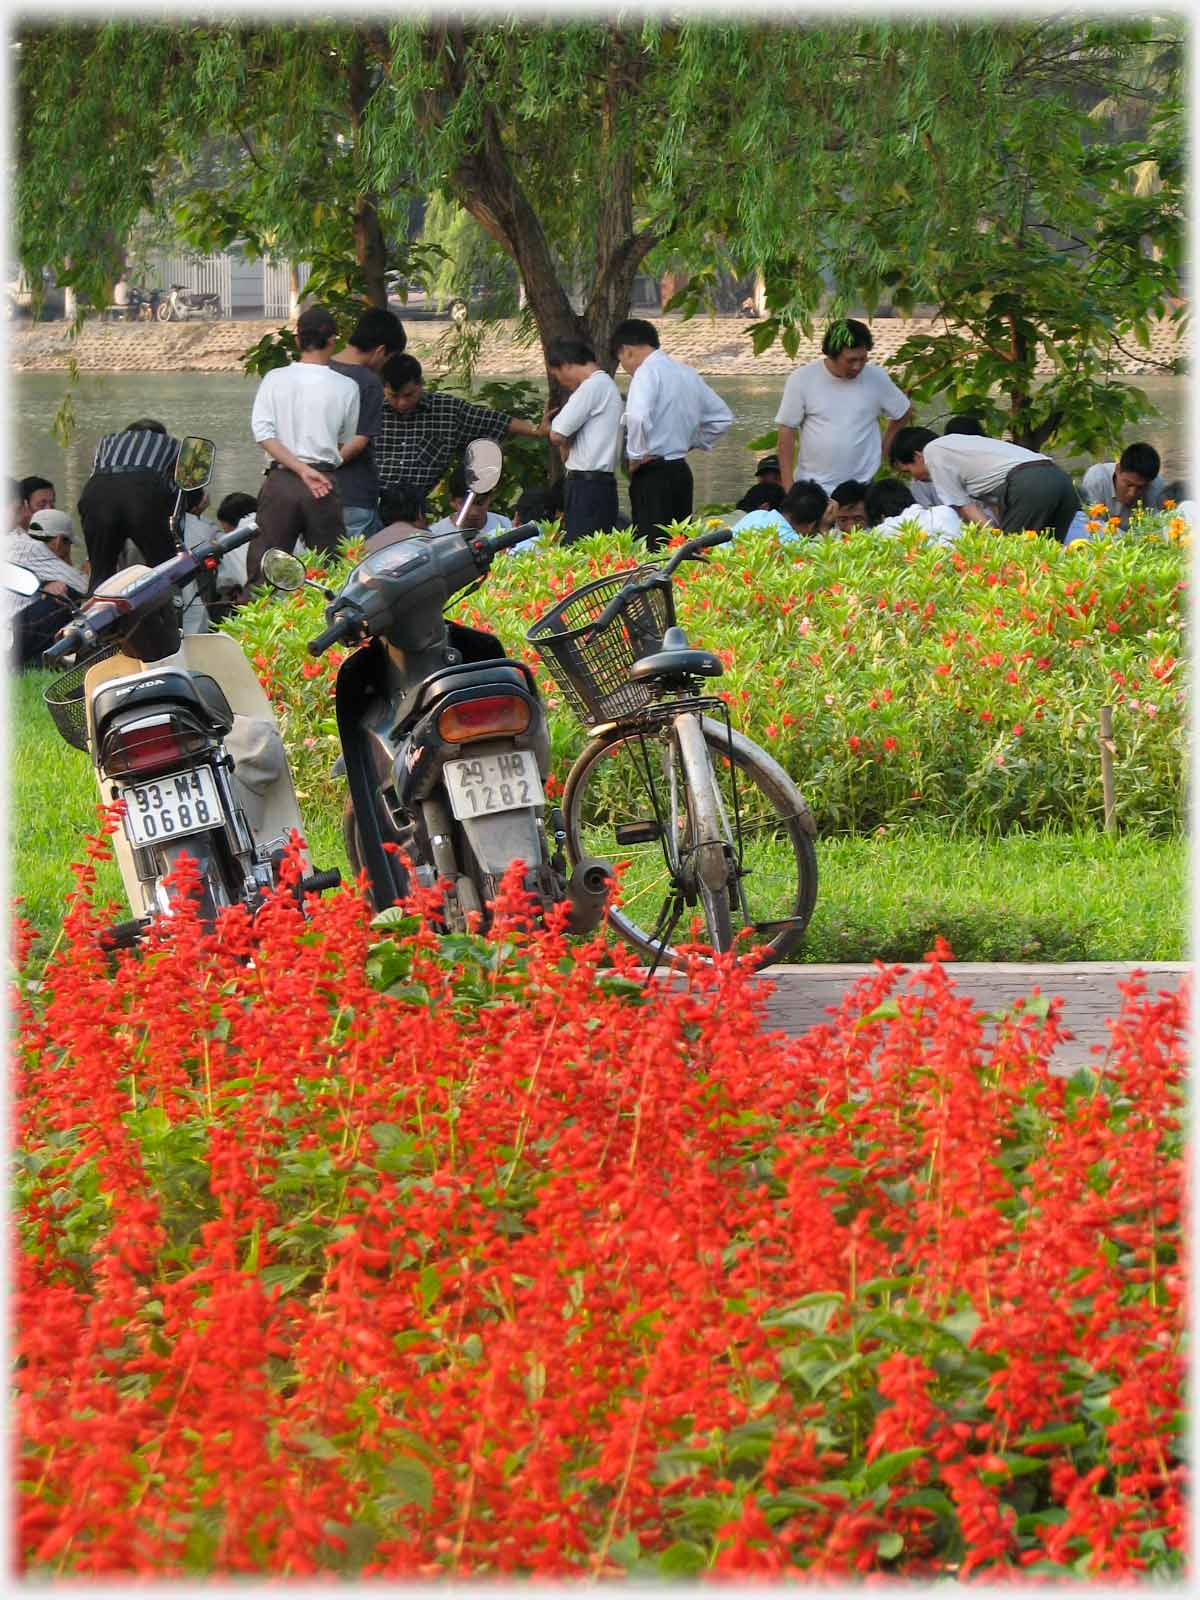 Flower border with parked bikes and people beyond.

================

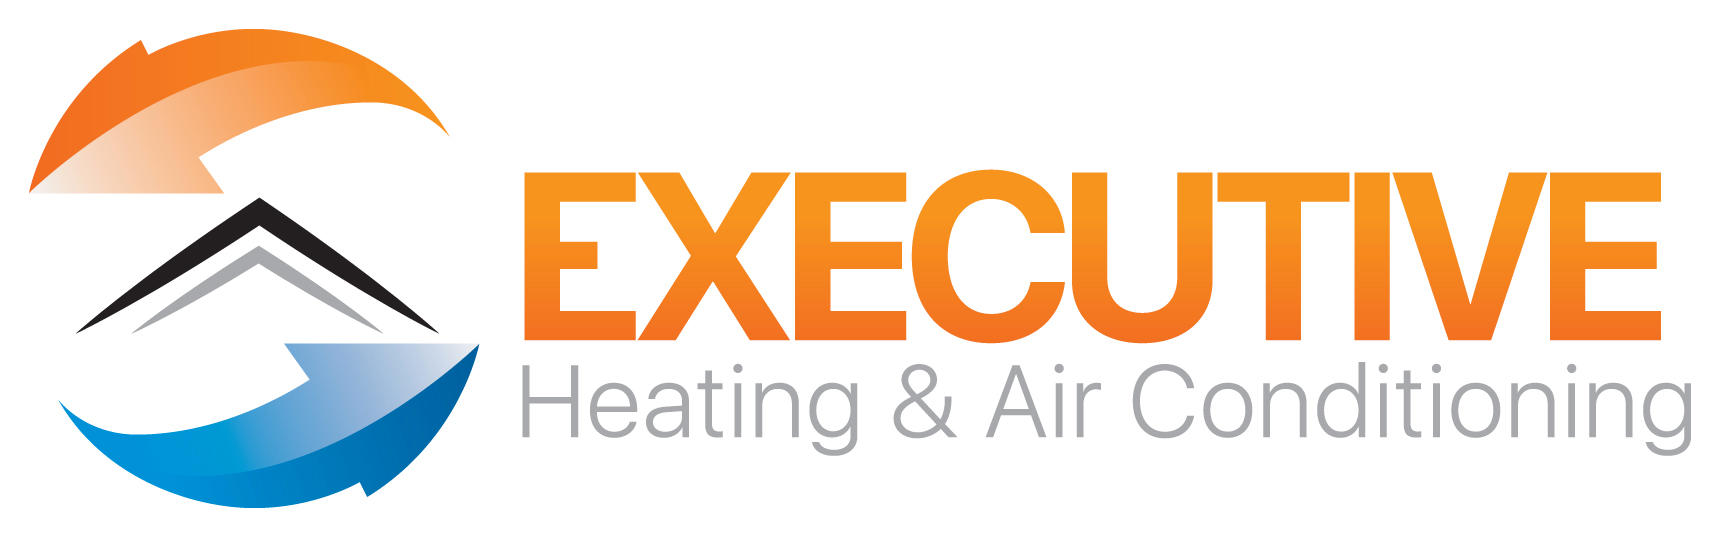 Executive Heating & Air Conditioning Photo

================

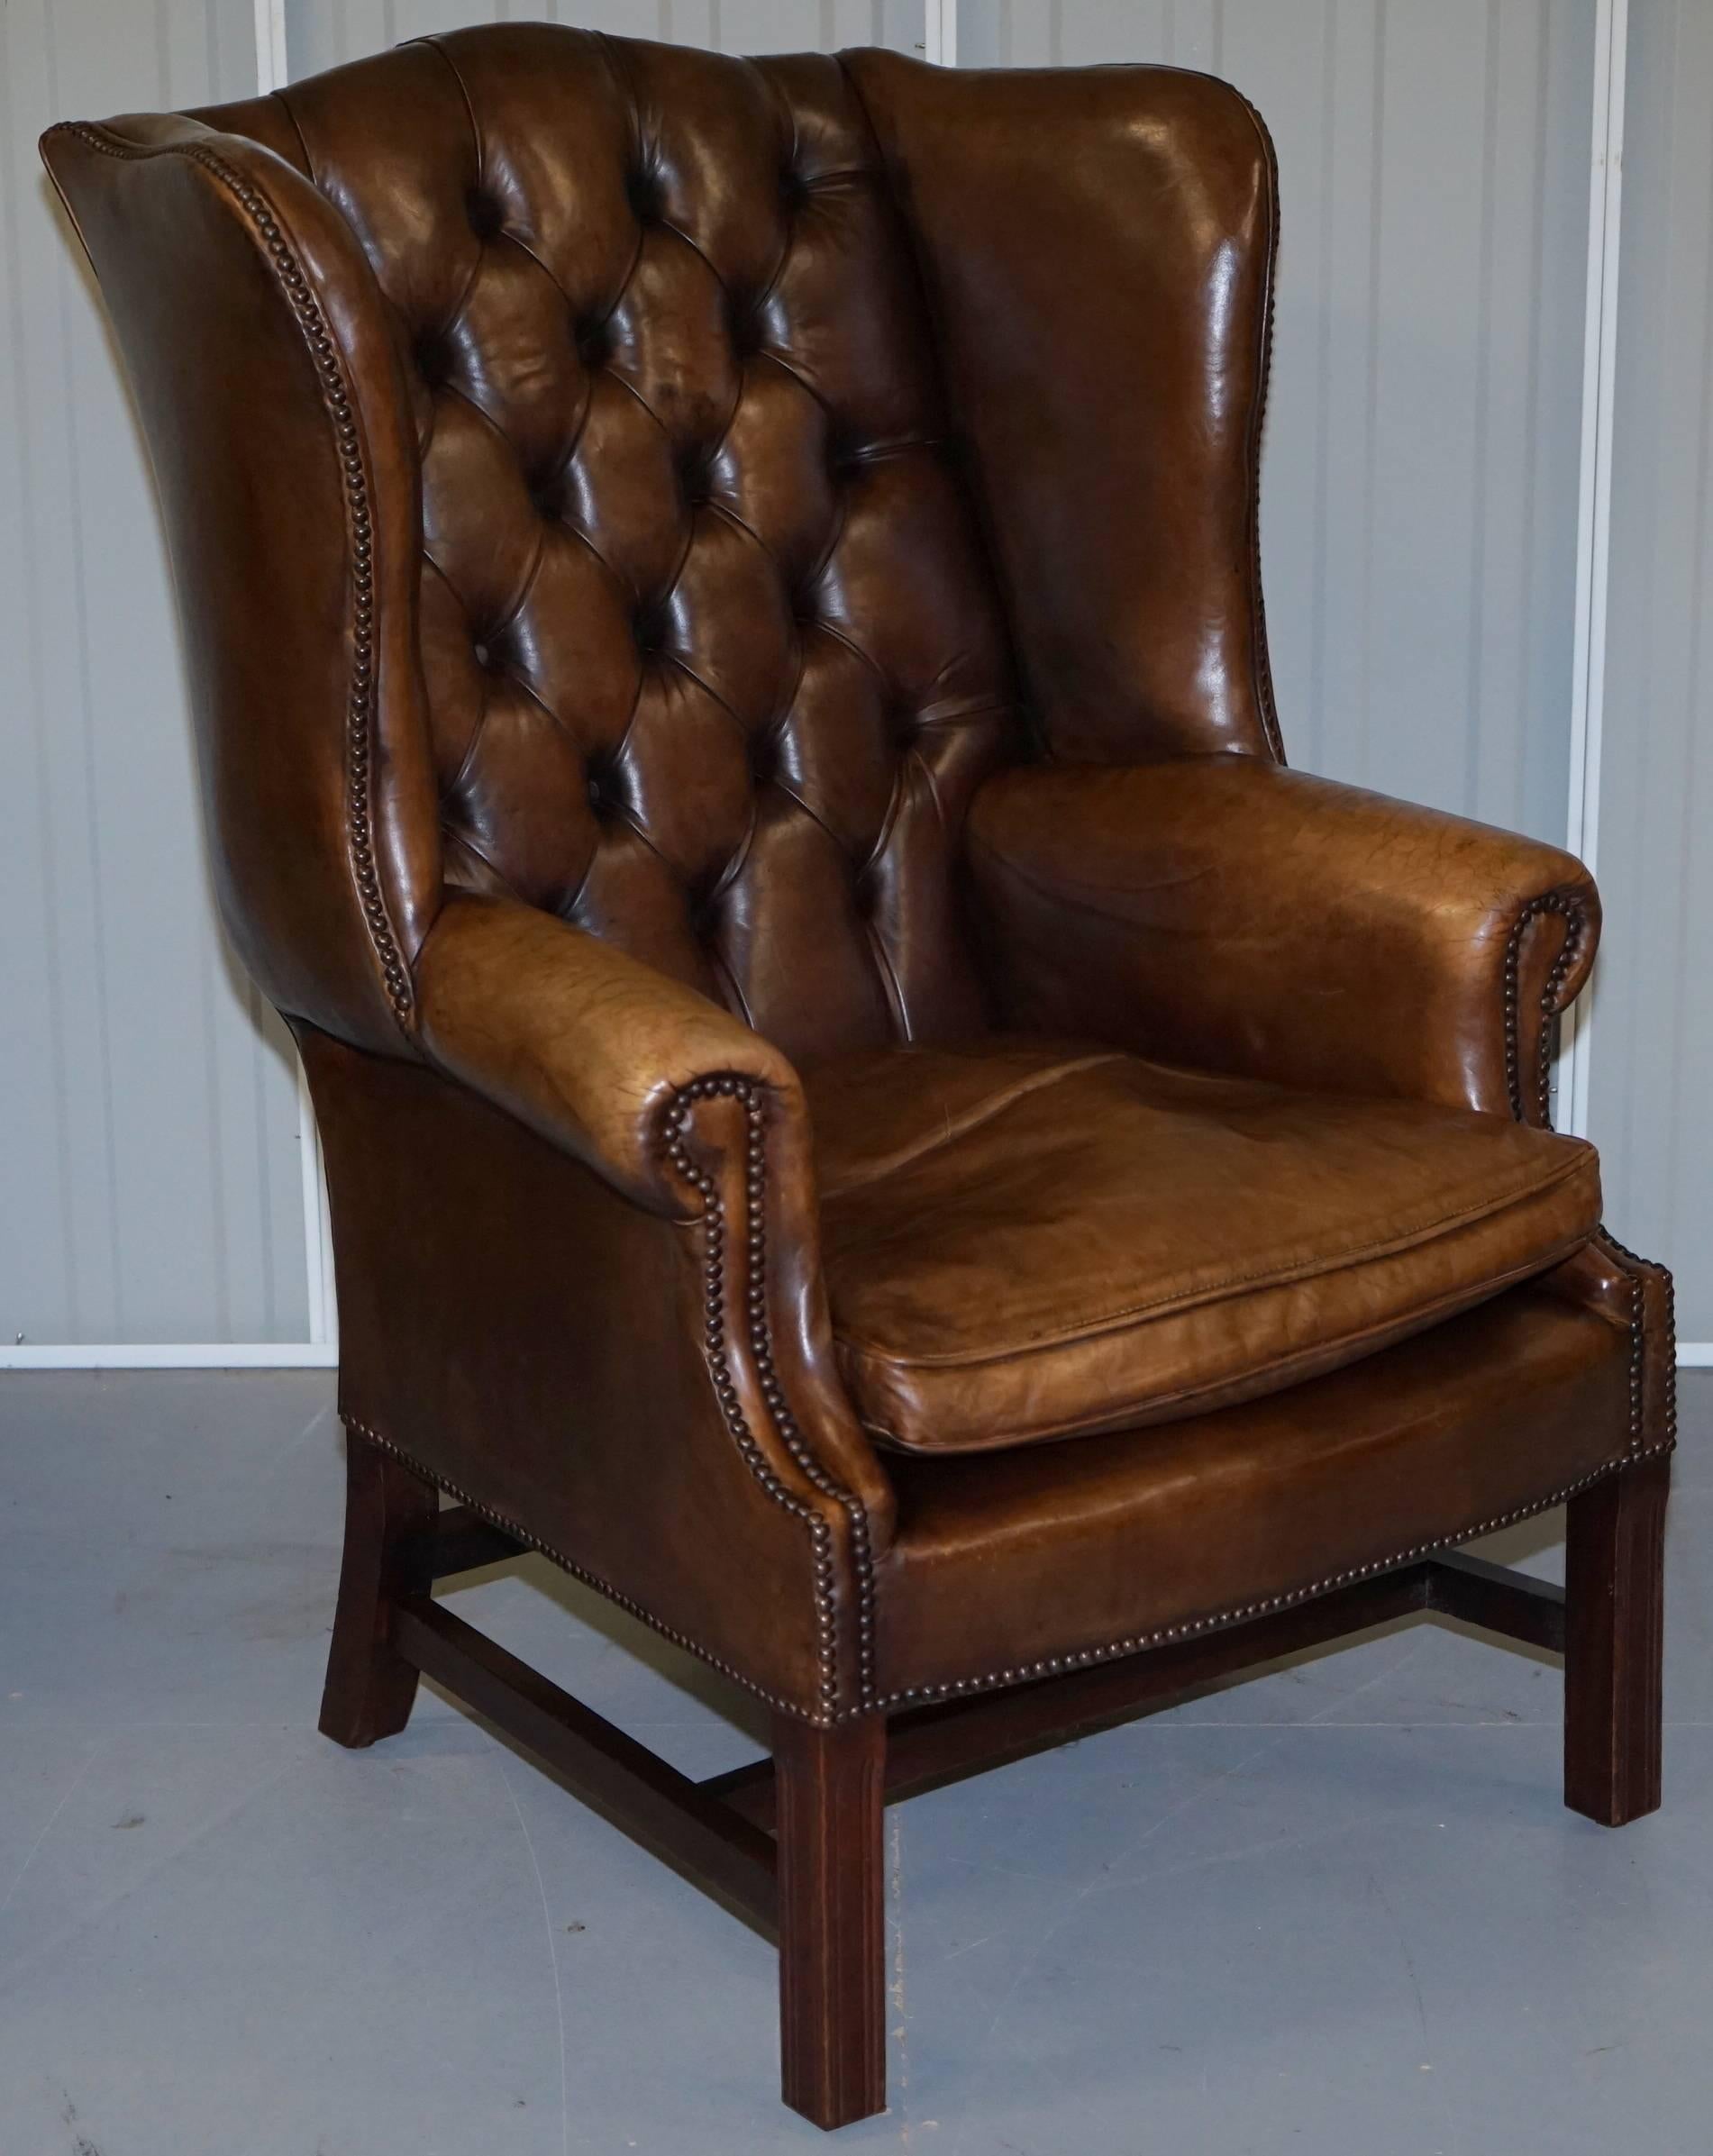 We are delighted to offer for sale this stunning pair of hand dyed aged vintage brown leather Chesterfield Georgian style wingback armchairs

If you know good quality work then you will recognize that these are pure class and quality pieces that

================

*Task goal*: Within the listing above, the stretch from the line with "We are delighted" down to the line with "If you know" is to be given again exactly, end lines included and pictures excluded.

*Solution to this exercise*:
 We are delighted to offer for sale this stunning pair of hand dyed aged vintage brown leather Chesterfield Georgian style wingback armchairs

If you know good quality work then you will recognize that these are pure class and quality pieces that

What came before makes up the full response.